Calling the decision "truly momentous", British transport secretary Chris Grayling said the government's choice of Heathrow for expansion was "about saying Britain is open for business post [Brexit] referendum".

For a decade, the government has been considered possible ways - many of them unpopular with the public - of easing air traffic congestion into and out of London. A third runway at Heathrow had been one of the possibilities, along with a second runway at Gatwick, another London airport.

Both airports are international but while Gatwick is mostly a hub for short-haul European business travellers, Heathrow fields passenger and cargo traffic from around the world.

The two airports had been tussling publicly over their bids. As recently as Sunday, newspapers in Britain were filled with advertisements published by Gatwick with the slogan: "Obviously."

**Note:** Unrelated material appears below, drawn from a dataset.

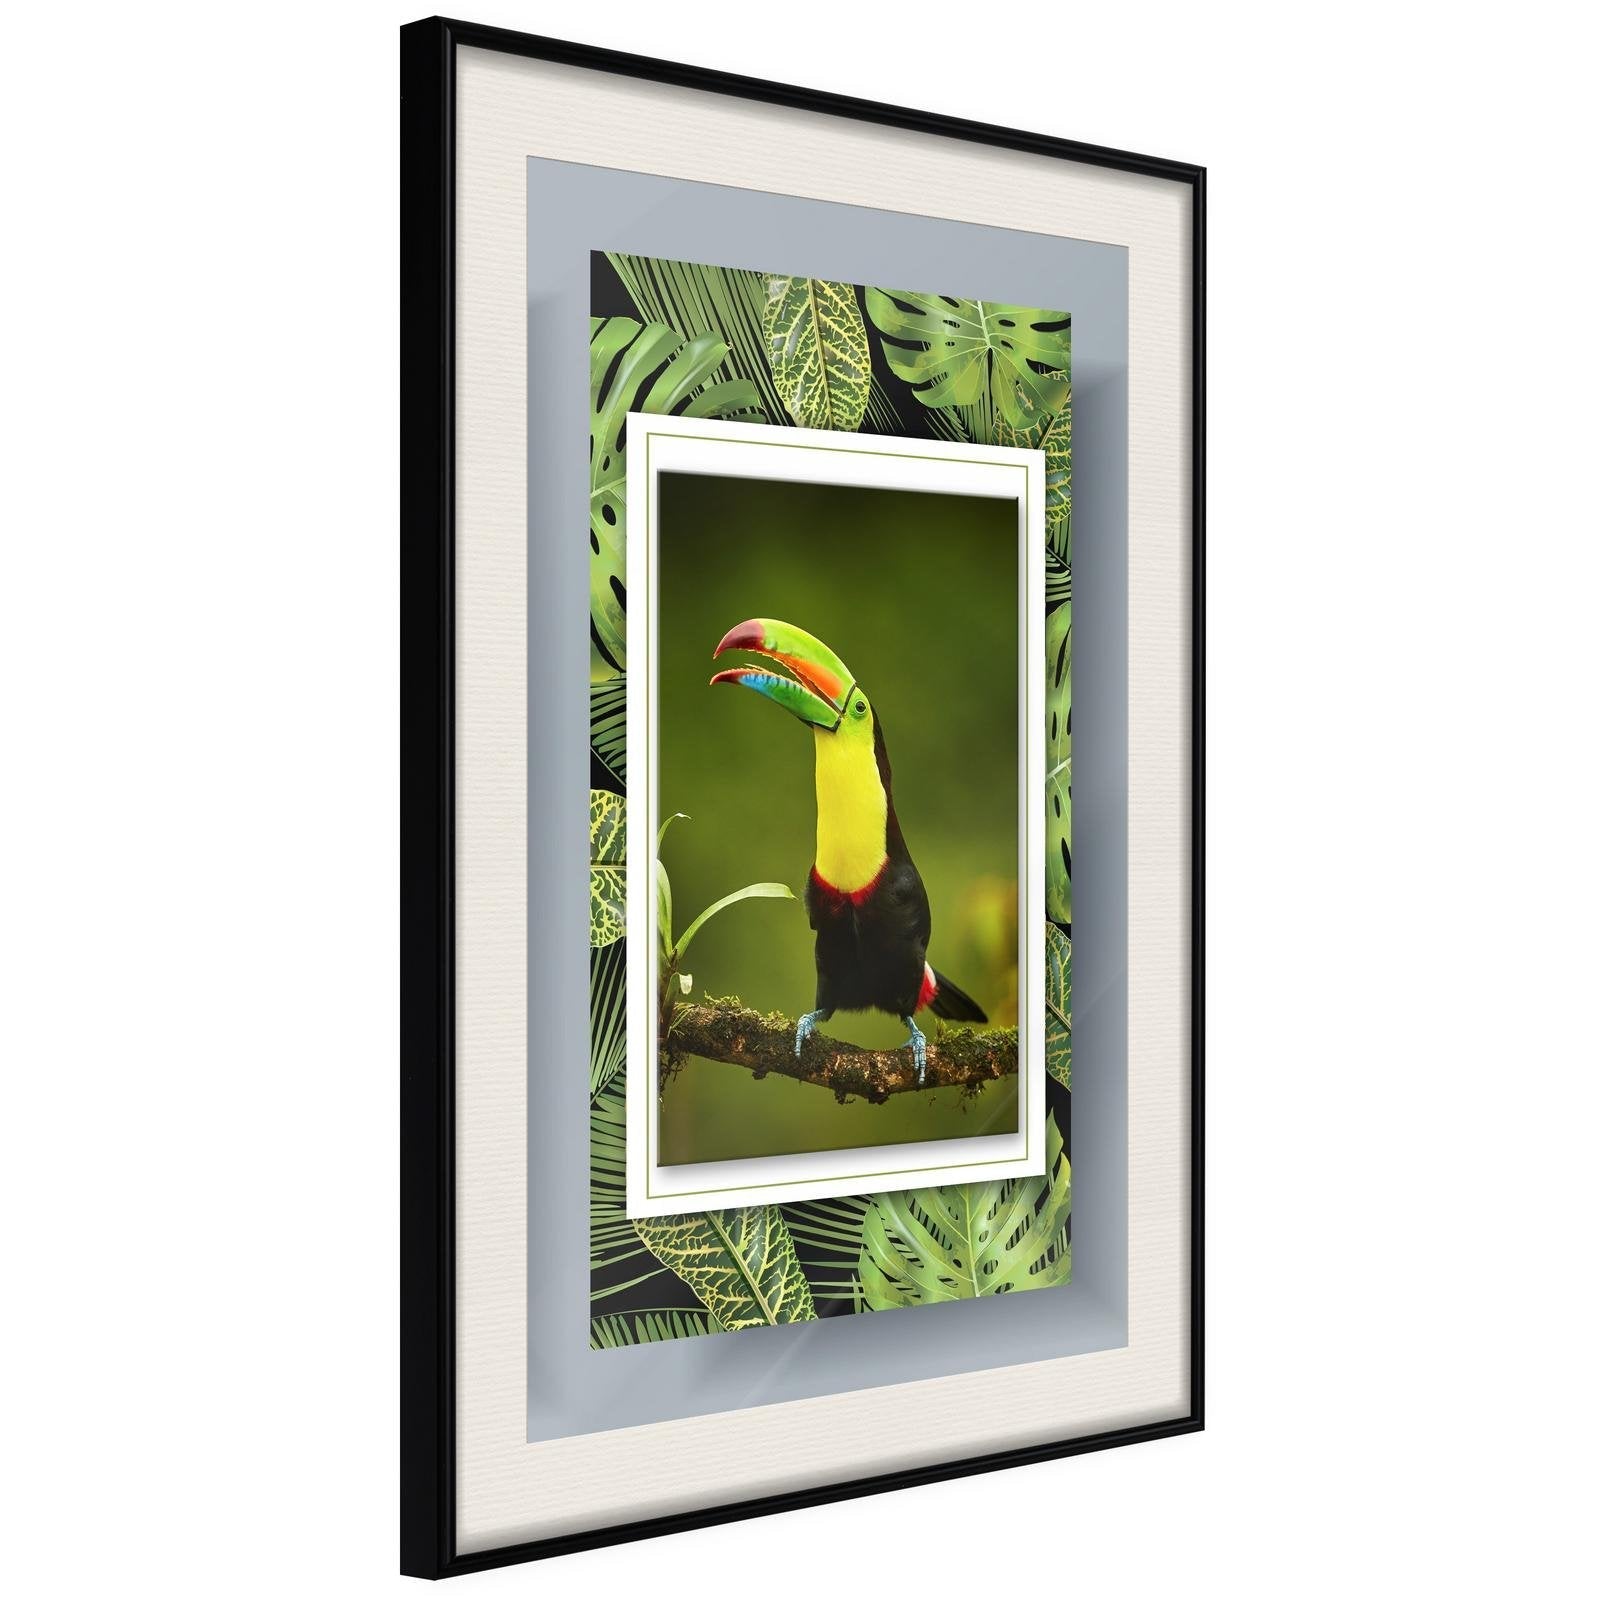 Inramad Poster / Tavla - Toucan in the Frame-Poster Inramad-Artgeist-20x30-Svart ram med passepartout-peaceofhome.se

Gatwick had claimed its second runway would only cost £7.1 billion (Dh31.6bn), far less than the projected cost of Heathrow's third runway - £17.6bn. A second runway at Gatwick would have also involved the loss of fewer homes in the vicinity of the airport.

If Gatwick had won the bid, it would have seen its passenger traffic jump to 82 million travellers each year by 2050, compared with 42 million now. Heathrow currently processes 75 million passengers a year, a number expected to increase to 138 million by 2050.

The choice of Heathrow wasn't inevitable, John Strickland, the director of JLS Consulting, a London-based aviation consulting firm, told The National. "But it is the option most supported by the airline industry as it offers both the critical mass of traffic, the ability to attract connecting traffic, and more profitable business customers."

But it was Heathrow's global reach that seems to have swung the decision in its favour.

Earlier this month, Howard Davies, who chaired an independent commission to evaluate the various airport expansion plans for the government, told the BBC: "My own view is that after Brexit the case for Heathrow is stronger because Heathrow is the airport which links the UK to markets outside Europe."

Mr Davies' commission recommended in July last year that the government add a runway to Heathrow, and he said that developments since then, including Britain's vote to leave the European Union, "reinforced in me the view that my conclusion then was the right one".

Since the June referendum, Mr Strickland added, enlarging Heathrow has become "important to the development of new routes in the London market and to ensuring their long-term viability".